**How to complete this task:**
Lines before the one containing "Porsche Taycan 2020 No Interior" are not copied; that line and every one after it, through the end of the material below, are printed exactly, without pictures.

**Data block:**
- - - - -

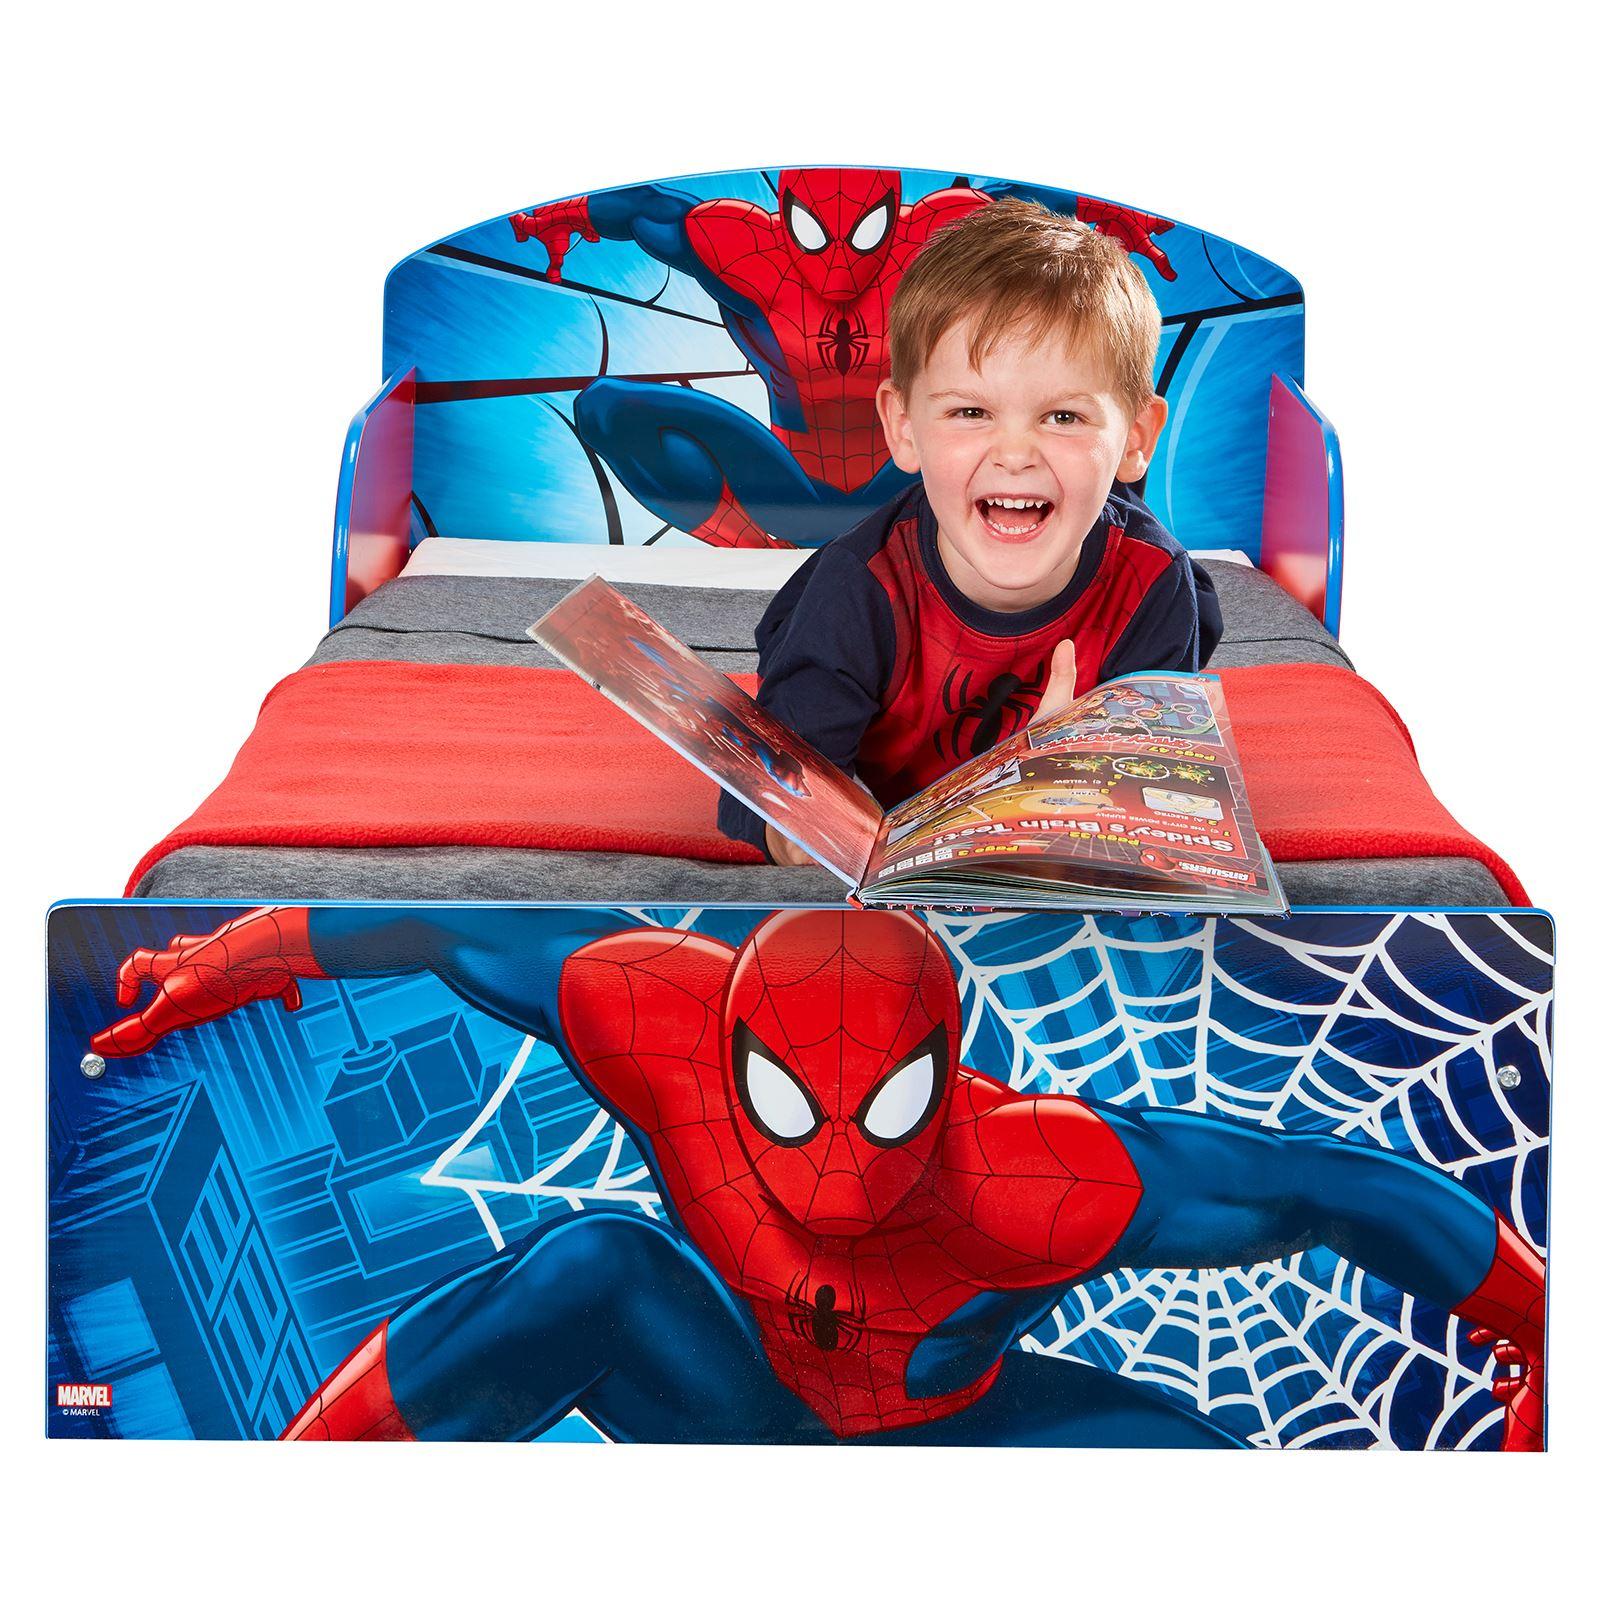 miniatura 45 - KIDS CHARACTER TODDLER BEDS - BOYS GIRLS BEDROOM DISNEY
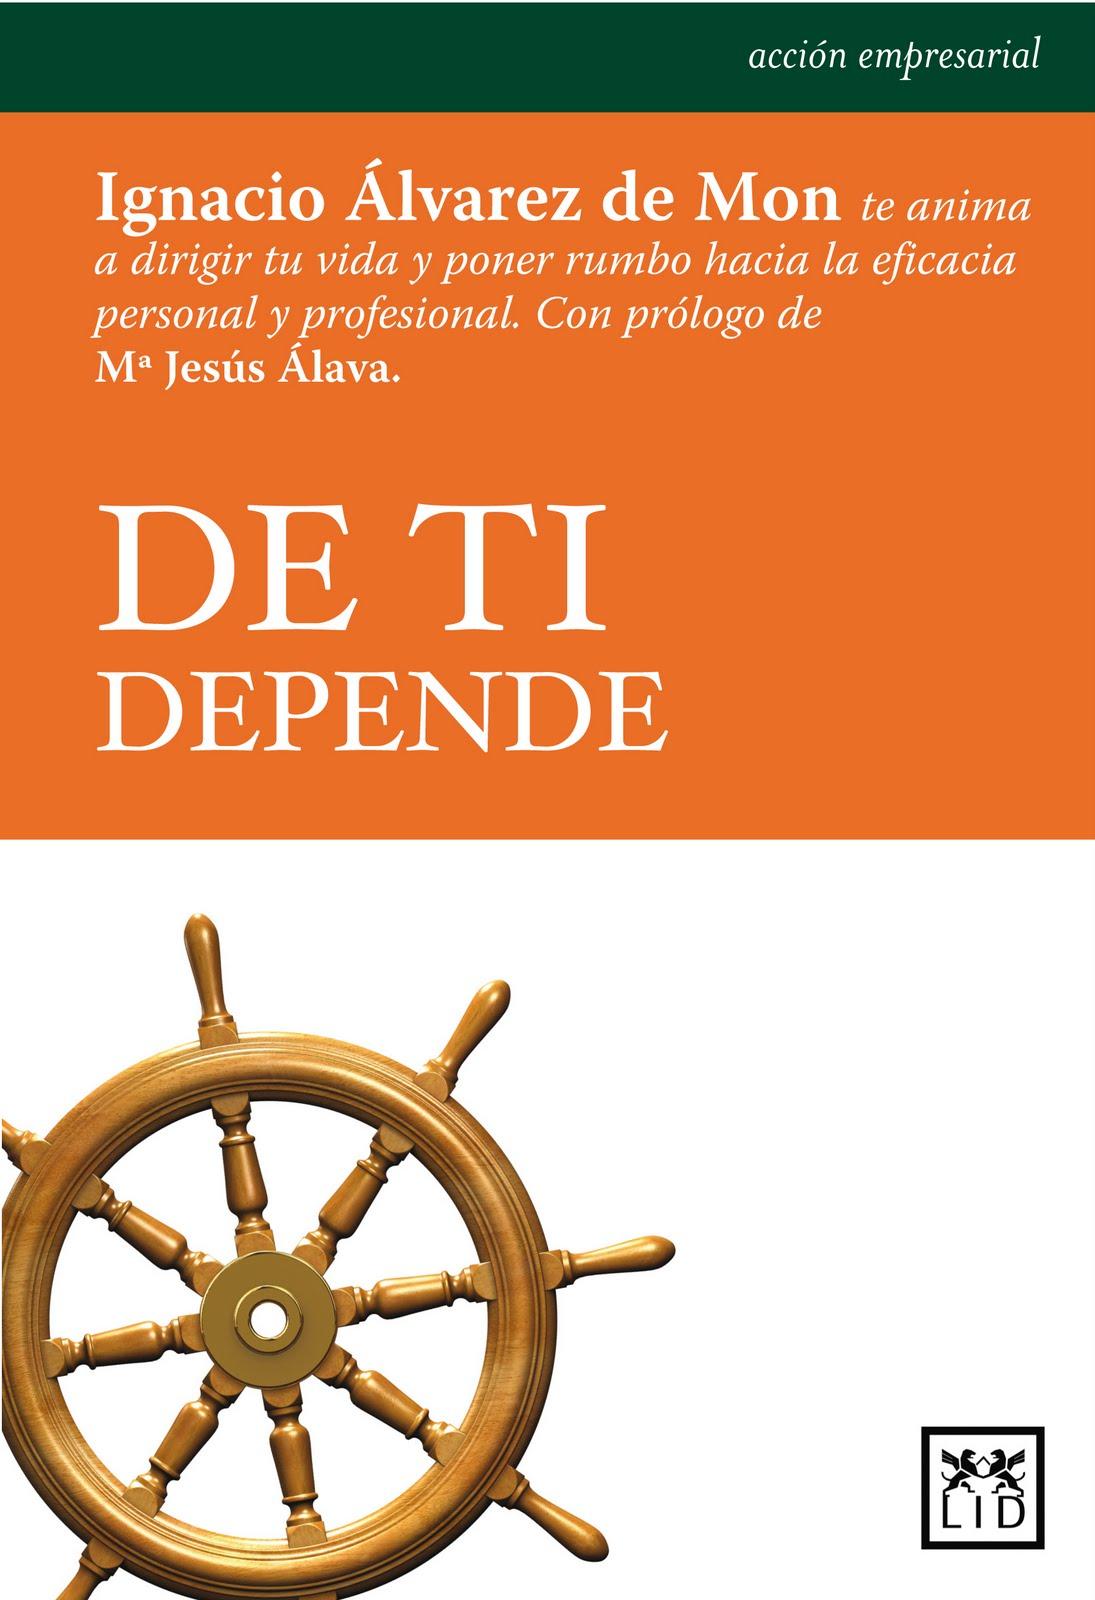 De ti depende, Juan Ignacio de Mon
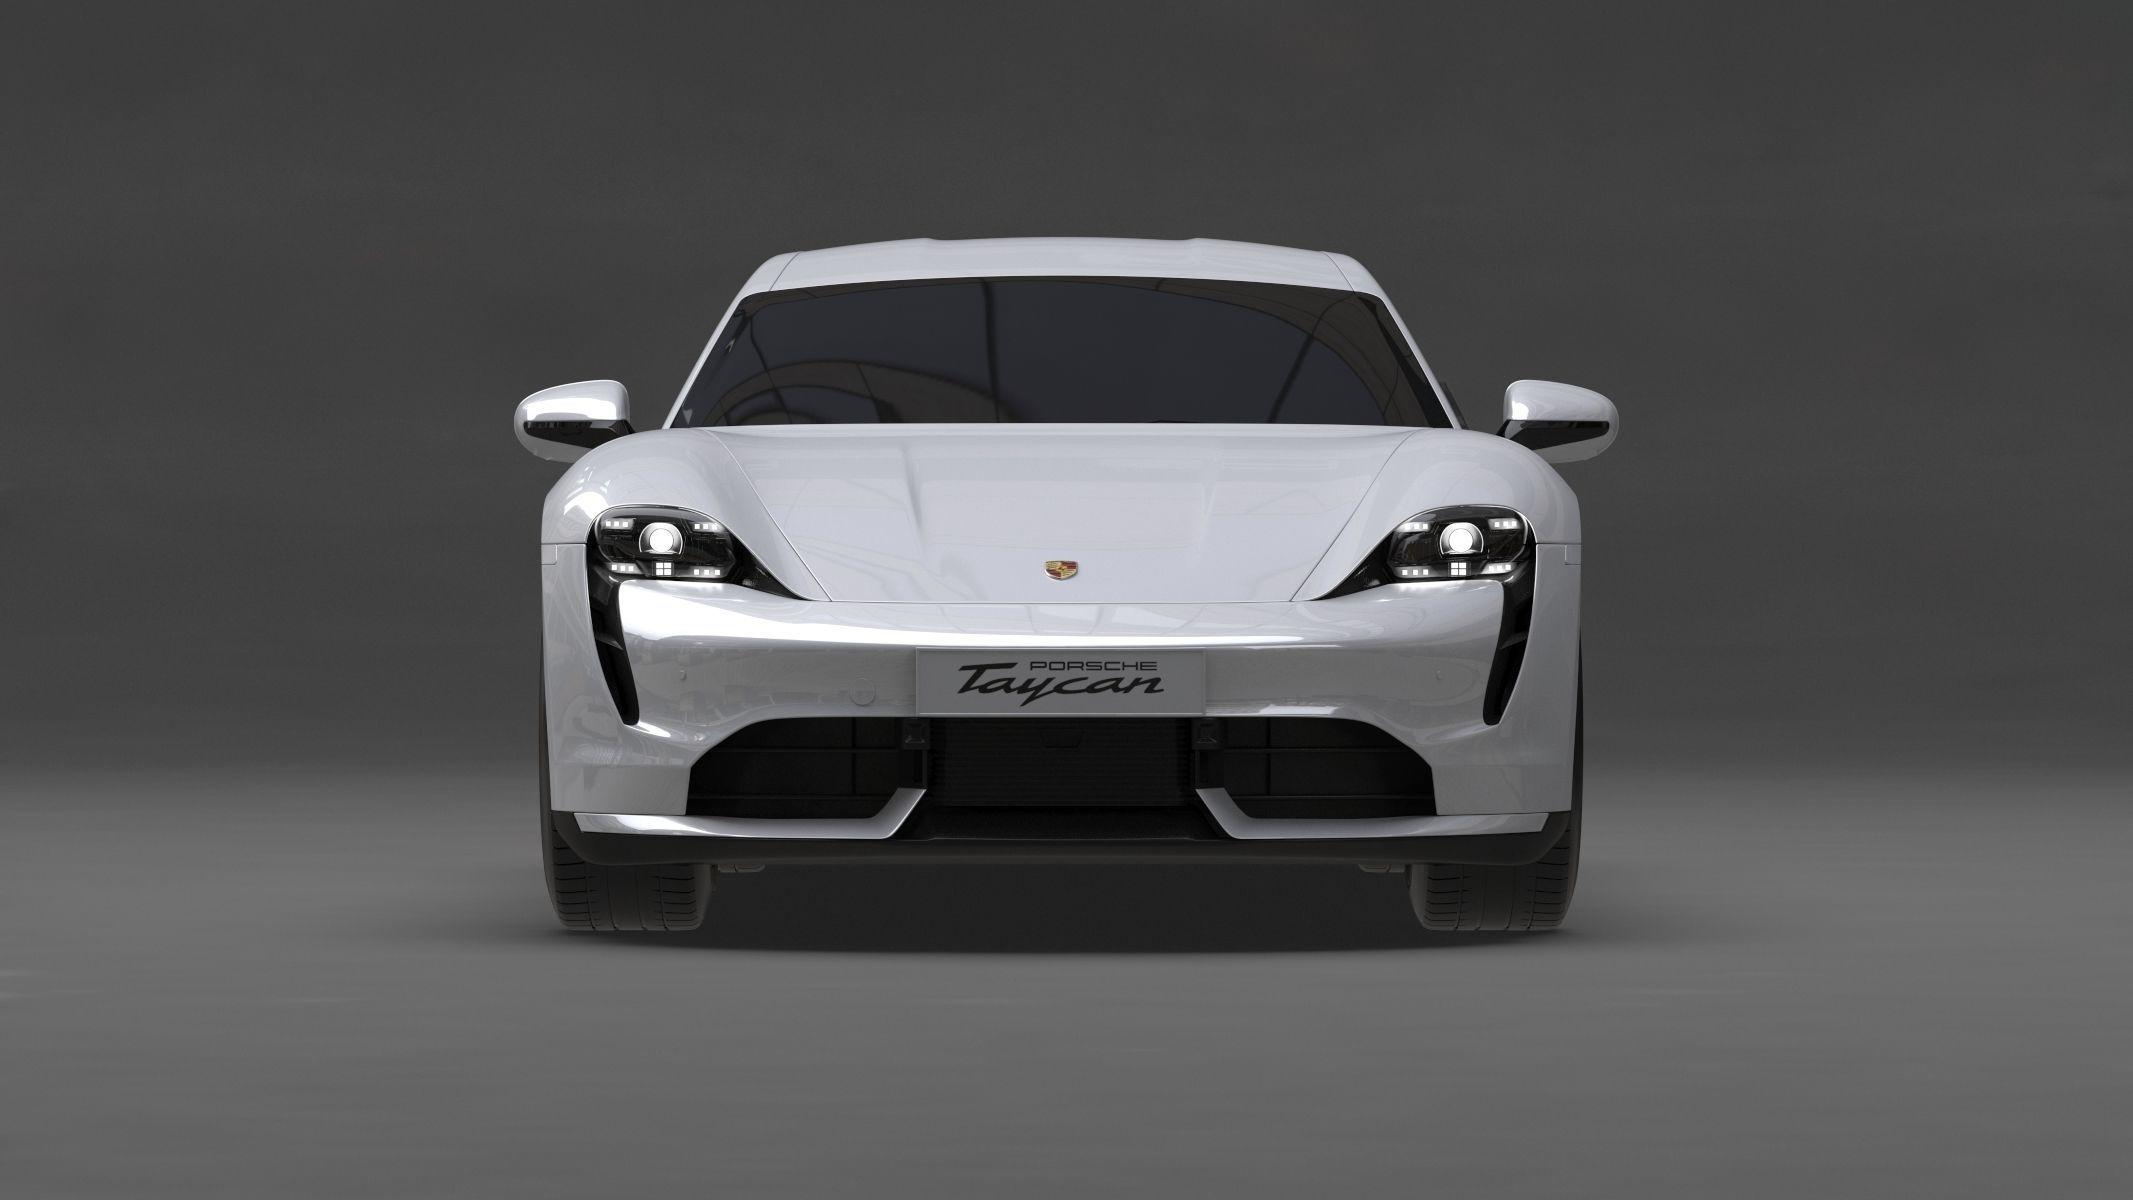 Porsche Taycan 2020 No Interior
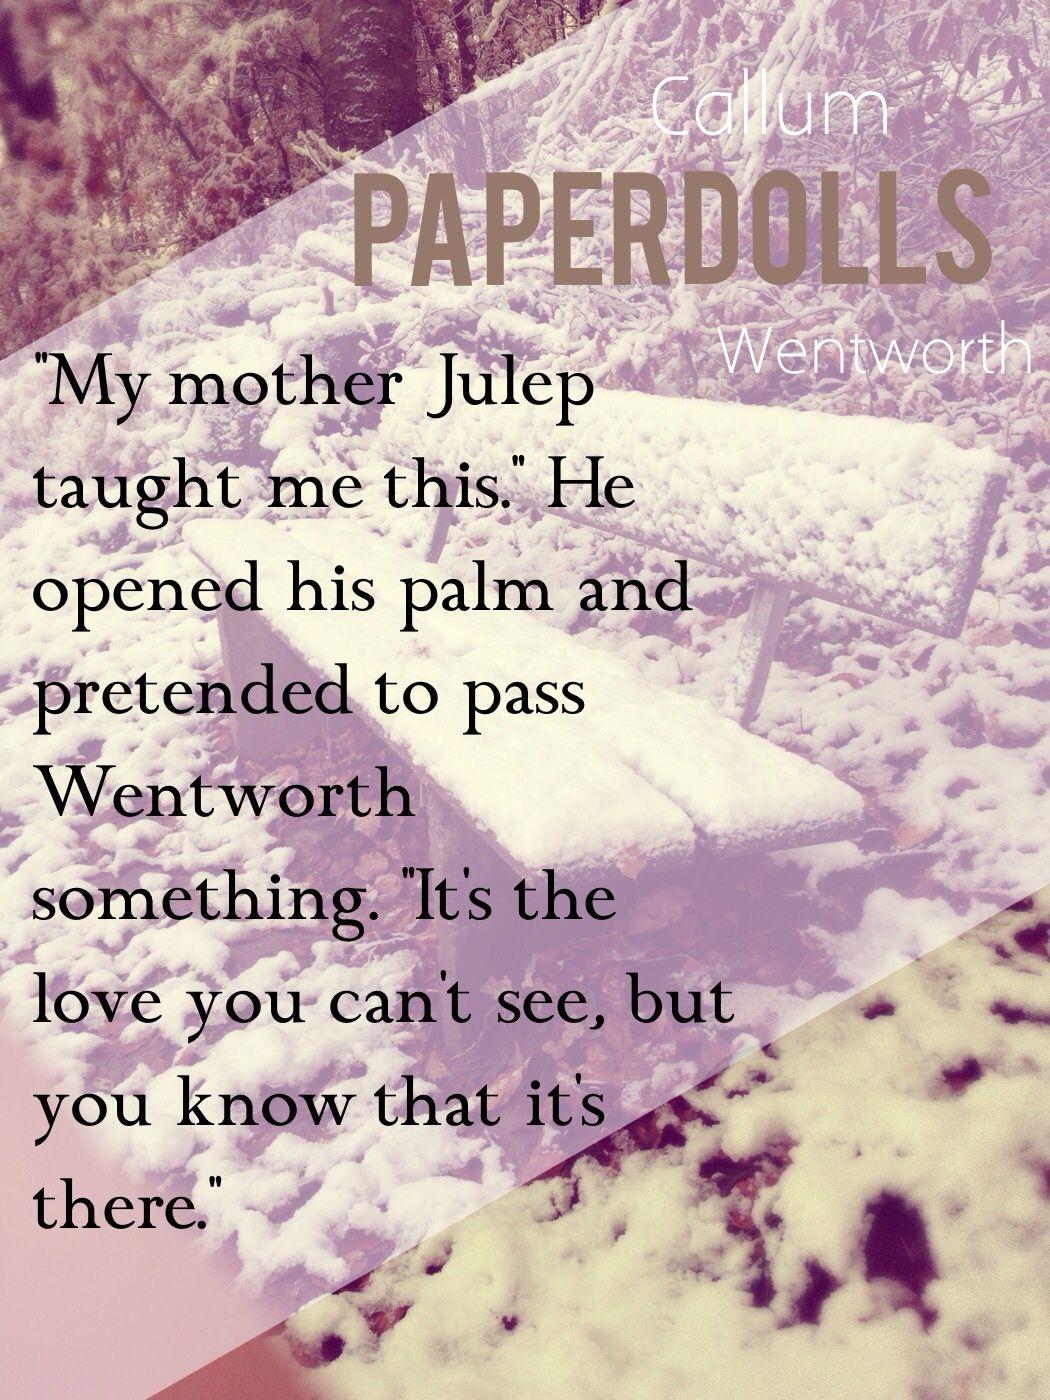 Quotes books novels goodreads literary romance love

- - - - -

**Answer section:**
 Porsche Taycan 2020 No Interior
 Quotes books novels goodreads literary romance love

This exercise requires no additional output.